Further, in some embodiments, the laminating sheet-making apparatus for lithium batteries may further include a first transfer assembly 60; the first transfer assembly 60 can be disposed between the first supply assembly 20 and the thermal pack 50, which can be used to transfer the positive plate 100a to the thermal pack 50. In some embodiments, the first transfer assembly 60 can include a plurality of first transfer rollers 61, and the plurality of first transfer rollers 61 can be staggered between the first feed assembly 20 and the heat sealing assembly 50. In some embodiments, the first material conveying assembly 60 may include five first material conveying rollers 61, two of the five first material conveying rollers 61 are arranged side by side and spaced apart from each other in the direction perpendicular to the feeding direction, and the other three first material conveying rollers 61 are spaced apart from each other in the feeding direction. The positive electrode sheet 100a first passes through two first conveying rollers 61 arranged perpendicular to the feeding direction, then sequentially passes through three first conveying rollers 61 arranged at intervals along the feeding direction, and then enters between the two heating rollers 52. The plurality of first transfer rollers 61 cooperate to transfer the positive electrode sheet 100a of the first supply module 20 to the thermal pack 50.

Further, in some embodiments, the first feeding assembly 60 may further include a first tensioning wheel 62, the first tensioning wheel 62 is located between the first feeding roller 21 and the thermal sealing assembly 50, specifically, it is disposed at one side of two first feeding rollers 61 disposed along a direction perpendicular to the feeding direction and close to the thermal sealing assembly 50, the first tensioning wheel 62 may cooperate with the first feeding rollers 61 to stretch the positive electrode sheet 100a, so as to facilitate the transfer of the positive electrode sheet 100a, and avoid the bending of the positive electrode sheet 100a, thereby facilitating the thermal sealing.

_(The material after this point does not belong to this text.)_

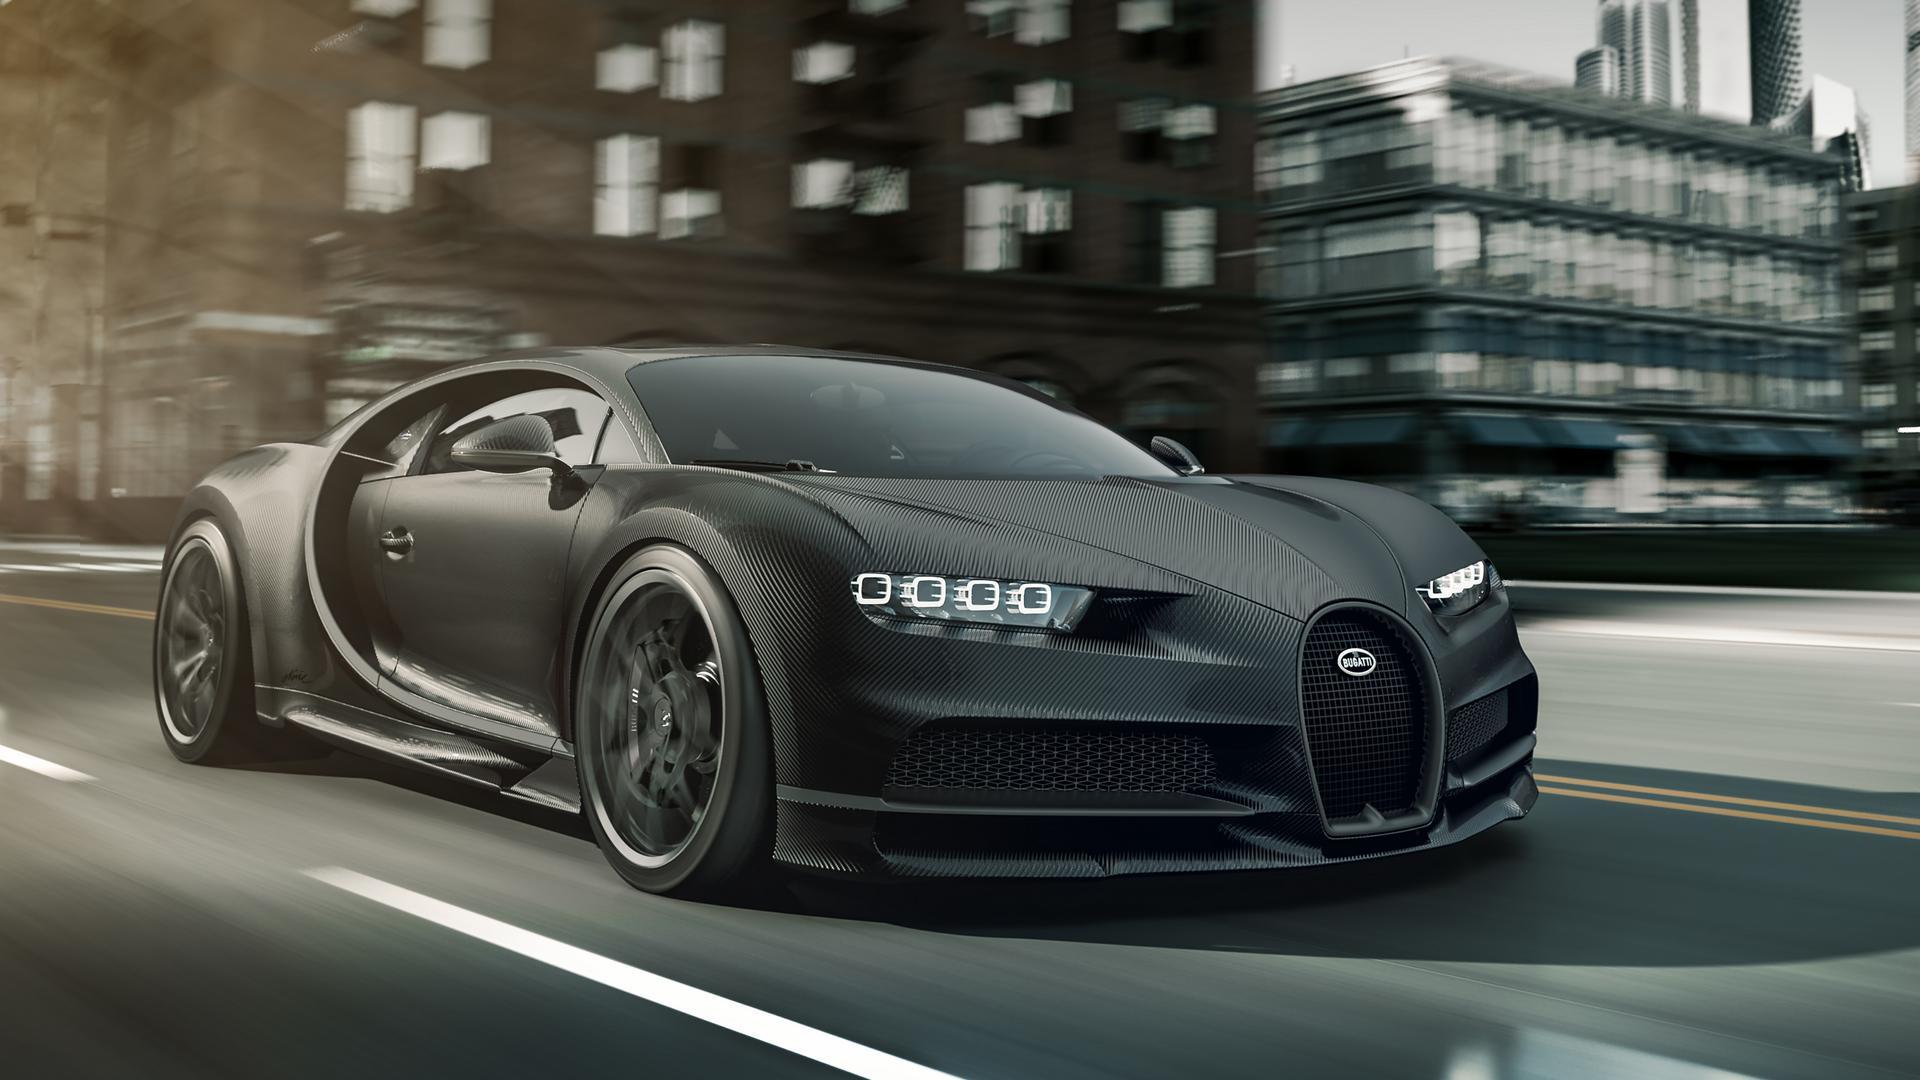 Bugatti Chiron Noire is Bugatti's Monochrome Limited Edition

Further, in some embodiments, the laminating sheet-making apparatus for lithium batteries may further include a second transfer assembly 70; the second material conveying assemblies 70 may be two sets, which are disposed corresponding to the two sets of the first material supplying assemblies 20. The second transfer assembly 70 can be disposed between the second supply assembly 30 and the thermal pack 50, and can be used to transfer the membrane on the second supply assembly 30 to the thermal pack 50. In some embodiments, the second transfer assembly 70 can include a plurality of second transfer rollers 71, and the plurality of second transfer rollers 71 can be staggered between the second feed assembly 30 and the hot sealing assembly 50. Specifically, in some embodiments, the number of the second transfer rollers 71 may be four, and of the four second transfer rollers 71, two second transfer rollers 71 are arranged side by side and at intervals in the direction perpendicular to the feeding direction, and the other two second transfer rollers 71 are arranged at intervals in the feeding direction. The diaphragm can pass through the two second material conveying rollers 71 arranged along the direction perpendicular to the feeding direction, then sequentially pass through the two second material conveying rollers 71 arranged along the feeding direction at intervals, and then enter between the two heating rollers 52 and be positioned at two sides of the positive plate 100 a. The second material transfer rollers 71 cooperate with each other to transfer the membrane of the second feeding assembly 30 to the heat sealing assembly 50, and specifically, the two sets of second material transfer assemblies 70 can transfer the first membrane 100b and the second membrane 100d to two sides of the positive electrode sheet 100a respectively.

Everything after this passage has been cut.